Thus, there is the risk, in some matchings, that two individuals will break their current pairing to get together. When one or both of the individuals in a pairing P, say person p, would rather be paired with someone else, q, than the person they are paired with, and q would rather be paired with p than with q's current "mate," the pairing P is called unstable (with respect to the current matching). Matchings which include unstable pairings seem to be undesirable because it makes "divorce" possible. There is no guarantee that unstable pairs will break up but the potential is there.

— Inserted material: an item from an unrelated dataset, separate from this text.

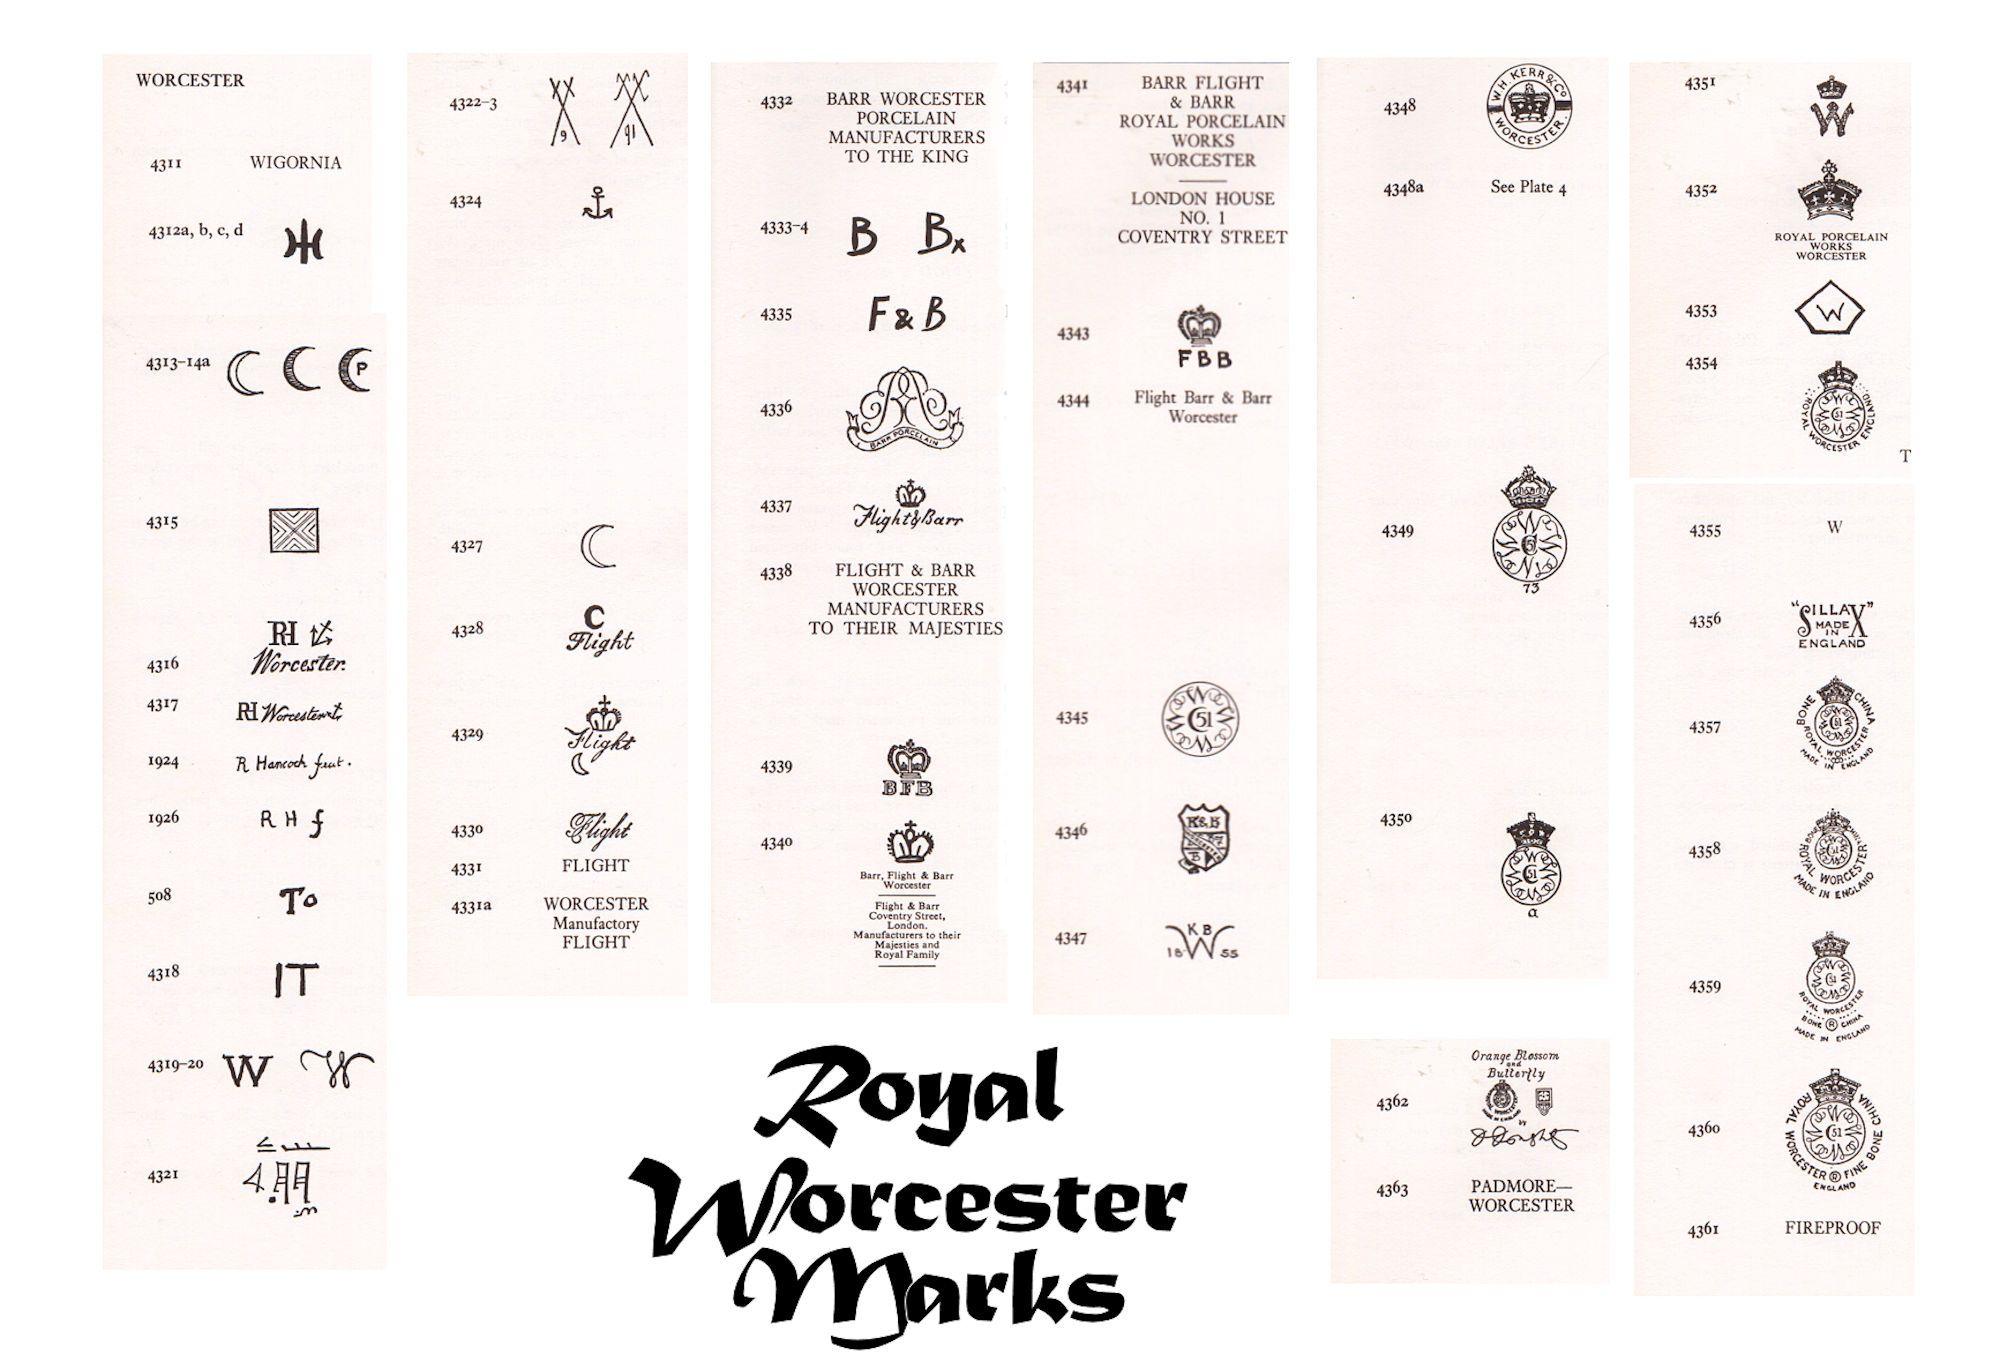 royal worcester dating

So if we can avoid such pairs in a matching, this would seem to be highly desirable.

Starting with a random pairing, if all the pairs in this matching are stable we might be happy but we might wonder if there are unstable pairs and if we can break these pairs to get a new matching. In the example above we got rid of an unstable pairing but there is no guarantee that the new matching pairs are all "stable." In fact, it turns out that one cannot be certain that this approach results in a stable matching eventually because one can move from one new matching to another, each time breaking up an unstable pairing but eventually going around in a cycle to a matching one has been at previously.

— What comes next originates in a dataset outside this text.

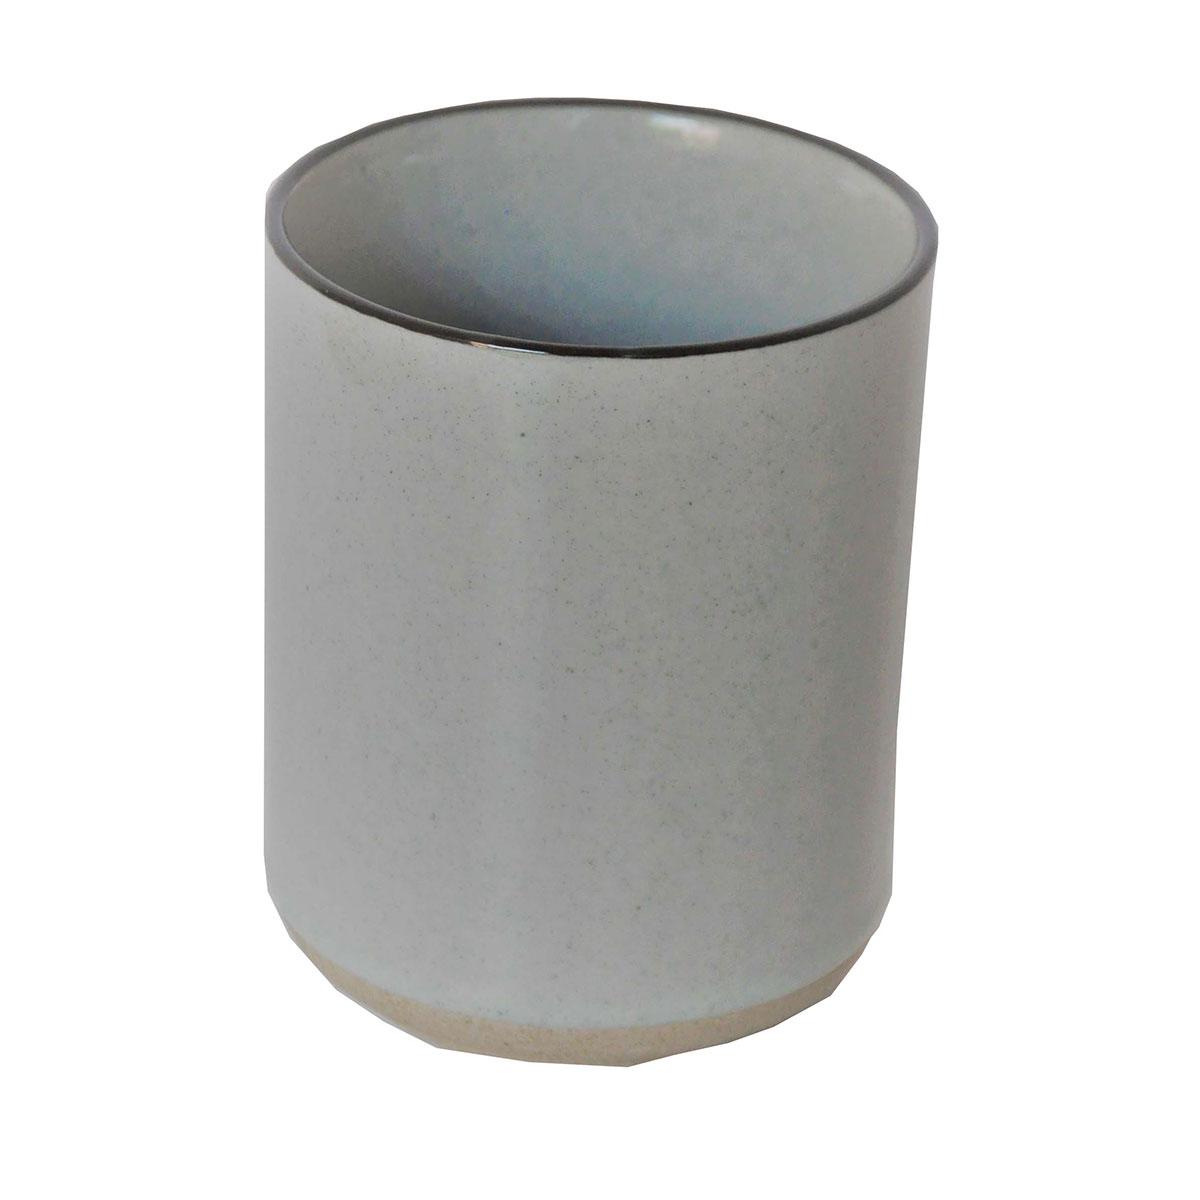 Gobelet bicolore gris

Is there a procedure (algorithm) which starts with preference tables such as those in Figure 3 and Figure 4 and which can guarantee that when the procedure terminates we have a stable matching? The surprising and amazing answer is "yes!"

The theory of stable marriages and how to find them basically goes back to Lloyd Shapley and David Gale. The question was originally posed by Gale, and Shapley provided an algorithm.




Photo of David Gale

(Photo of David Gale courtesy of the University of California at Berkeley News Center)


Photo of Llyod Shapley

(Photo of Lloyd Shapley obtained from Wikipedia)


David Gale did important work in mathematical programming, mathematical economics, and game theory. Lloyd Shapley is one of America's most prominent game theorists. The game solution concept known as the Shapley Value is named for him.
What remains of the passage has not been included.